╔══
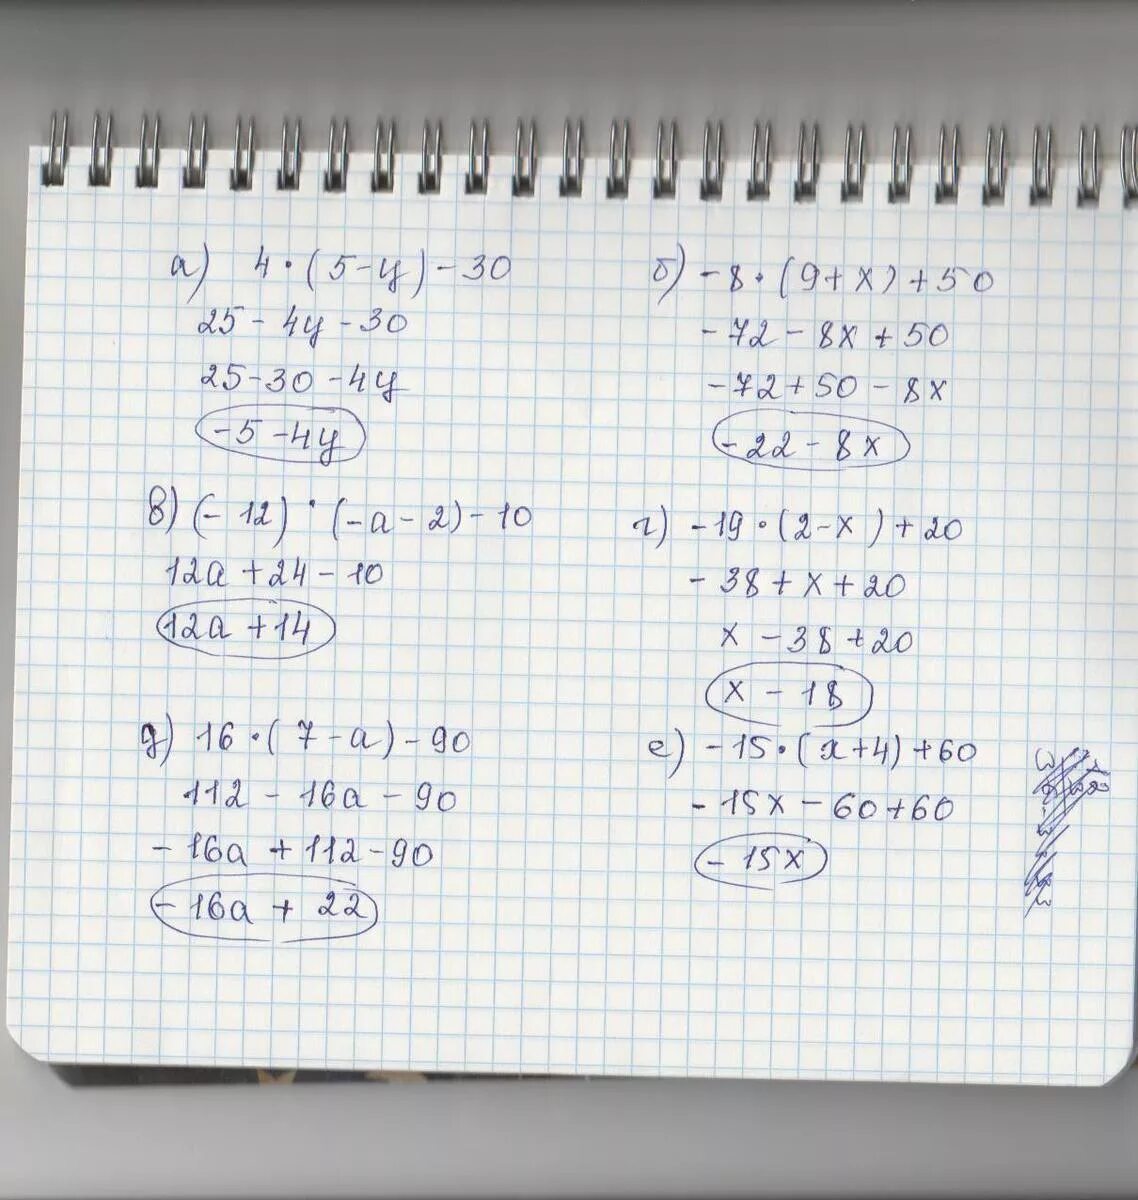 23x 10 5x2 0. 20-3(Х-5)<16-7х. 5/4-Х+5/Х=10/5. Решение 5х+12=60. 4нвк 60-12-19.
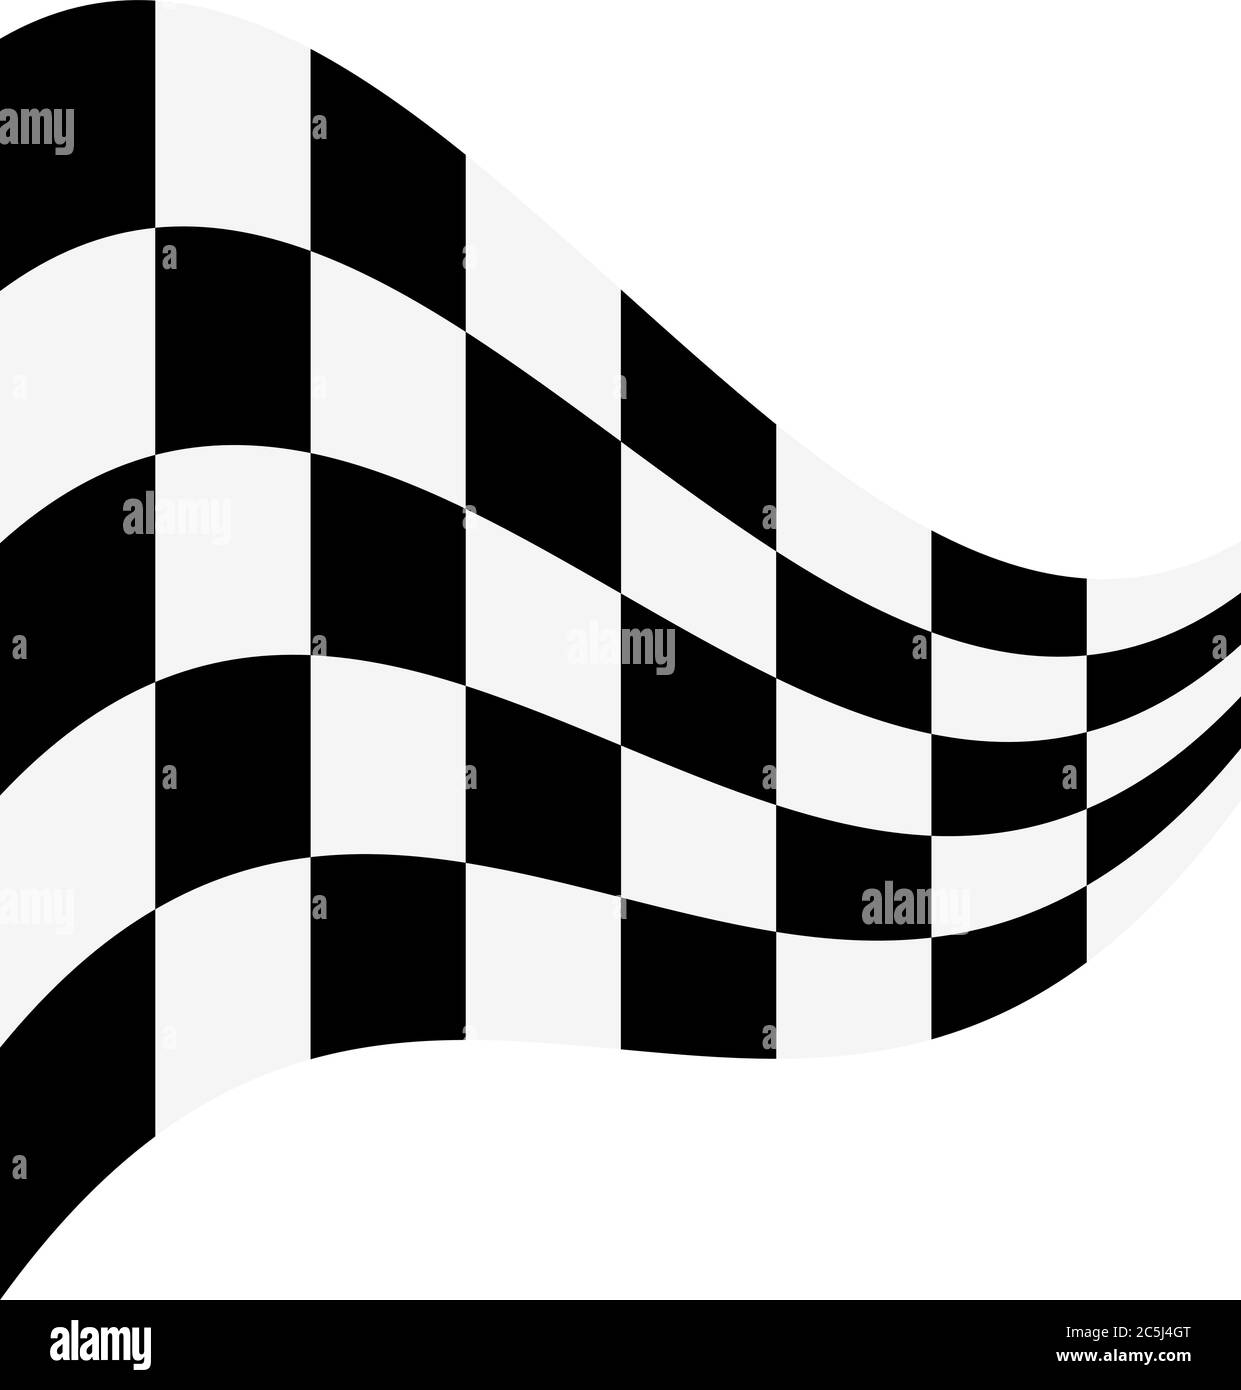 Illustrazione vettoriale con flag a scacchi su sfondo bianco Illustrazione Vettoriale
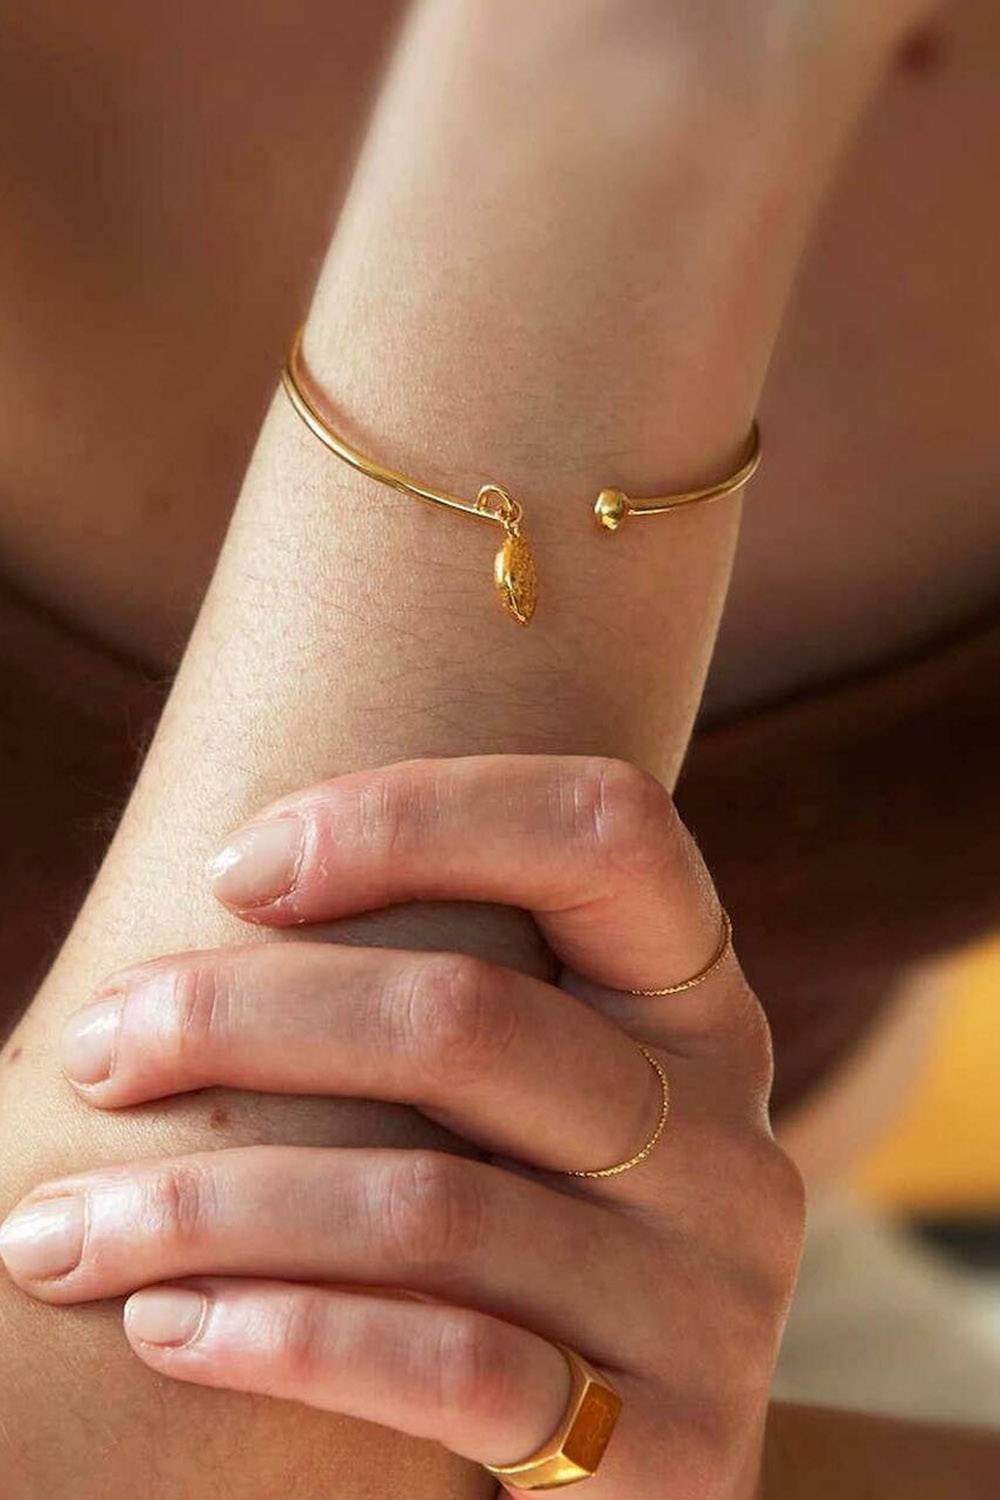 nouare jewelry eco-friendly bracelet
╚══
**What this task involves**
Transcribe the listing above verbatim. Omit the pictures.

**Answer box**
 23x 10 5x2 0. 20-3(Х-5)<16-7х. 5/4-Х+5/Х=10/5. Решение 5х+12=60. 4нвк 60-12-19.
 Illustrazione vettoriale con flag a scacchi su sfondo bianco Illustrazione Vettoriale
 nouare jewelry eco-friendly bracelet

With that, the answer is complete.